火星かほしは、火星人って言ってるから火星をそのまま使った。桃は、ピンクの髪の毛から取った」

「んー。まあ、いいわ! 今日から私は、識別番号R105号ではなくて、火星 ももよ! 私を呼ぶときは、かわいいももちゃんって呼びなさい!」


 マジかこいつ。可愛いって言い切ったぞ。たしかに美月と同じくらい或いはそれ以上に可愛いが、自分で言うなし……と思ったが、美月のことを考えてしまった俺は、冷たく言う。


「……誰が呼ぶか」

「あら。残念だわ!」

「うっせ」


 俺がそう言うと、心なしか少し悲しそうに見えた。

 この日は、ここで別れお互い家に帰った。




「ゆーや。怒らせちゃったのかな……」


 私は、一人呟く。心当たる節が多すぎて、誰に対して起こったのか分からない。と言うのも、私はゆーやの前だと緊張しすぎて素の私ではいられない。ゆーやの顔をまともにみれた事すらないほどに……
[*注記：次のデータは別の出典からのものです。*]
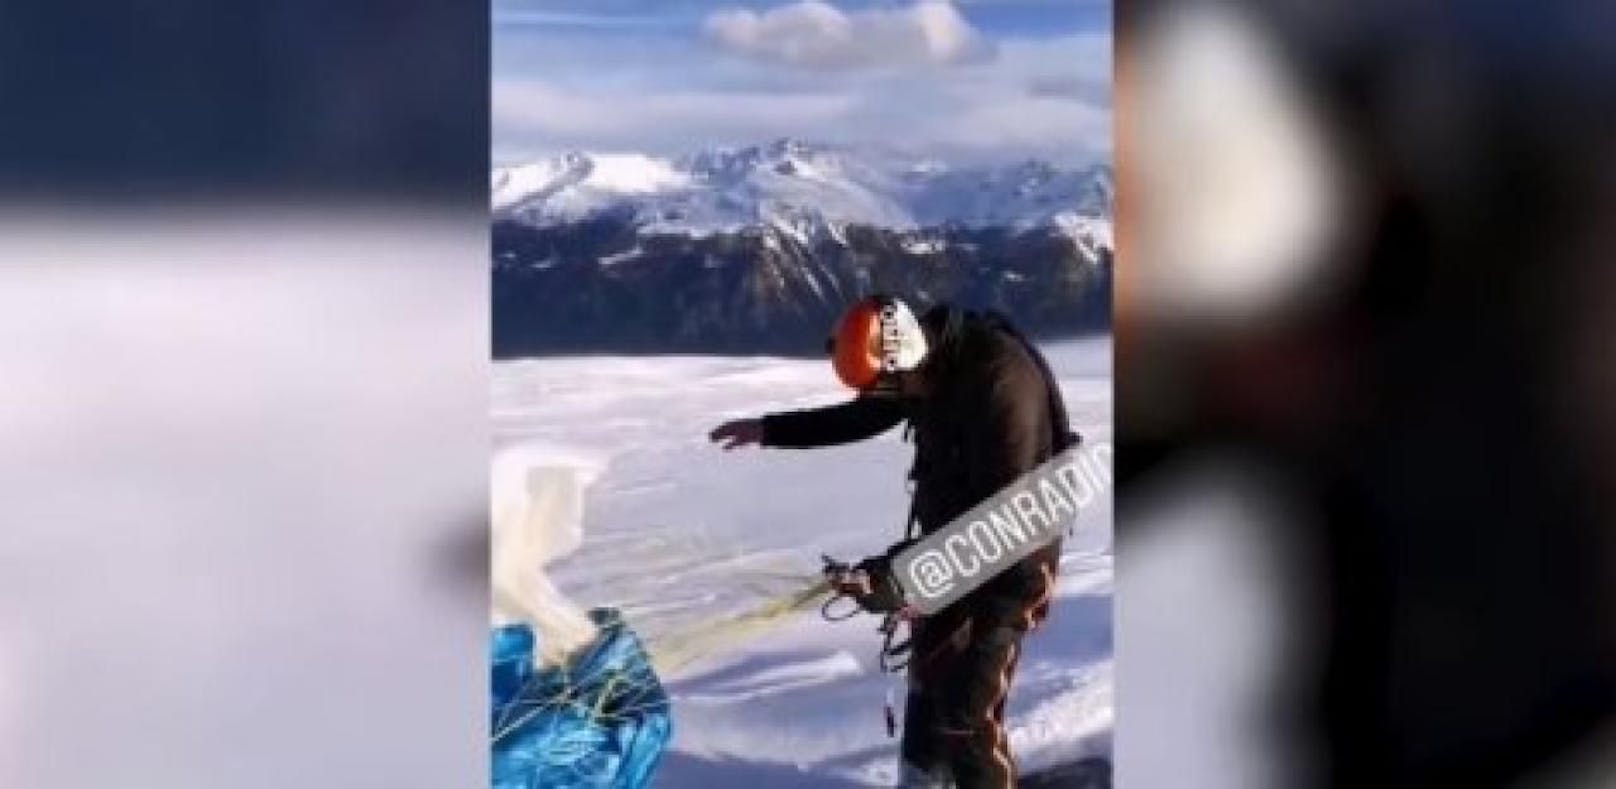 2 Tage vor Tod filmte sich Barandun beim Snowkiten
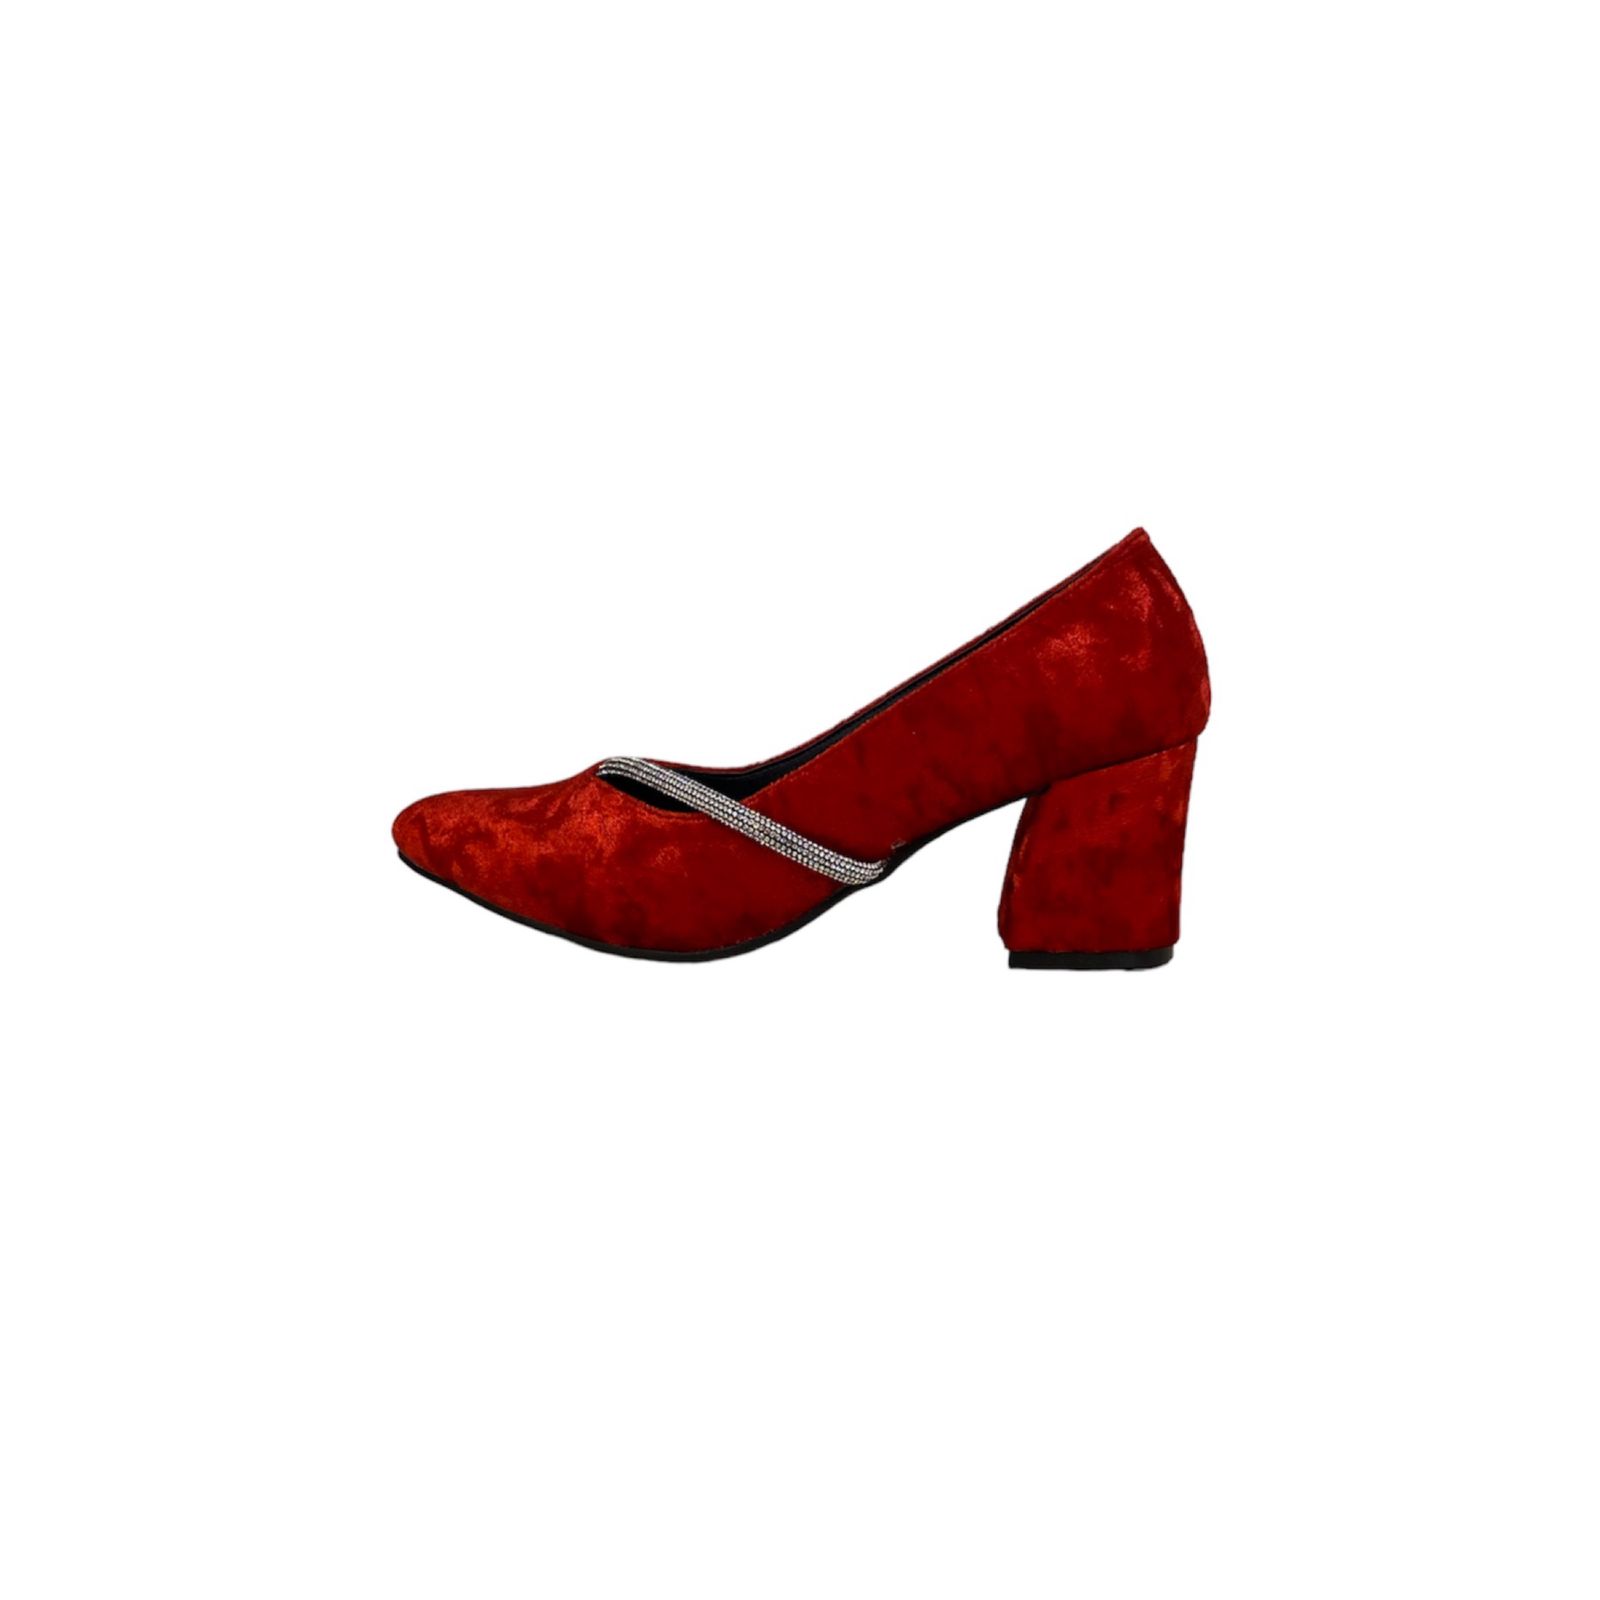 کفش زنانه مدل زیبا مخملی رنگ قرمز -  - 1

 任務で地球に来ているとはいえ、まさか本当に好きになってしまうなんて思ってもいなかった……

 火星人とて、恋はする。それは多分地球人のそれと同じだろう。


 ゆーやの事を考えるだけで、胸がドキドキしてしまうし、一緒にいるだけで幸せだと思える。これを恋と言わずに何と言おう。


 なんてことを考えつつ、私はまた明日ゆーやに会える楽しみを胸に秘め眠りについた。


「……ろ。おい。起きろ。もも」


 なんかゆーやの声が聞こえる。そんなわけないよね……


「おい! 起きろ! もも!」


 ん? やっぱ莉聴こえる。私は起き上がり、声のする方を向く。そこには、ゆーやが立っていた。私は、夢かと思った。だが、ゆーやが次に言った言葉に私は、目を覚さずにはいられなかった。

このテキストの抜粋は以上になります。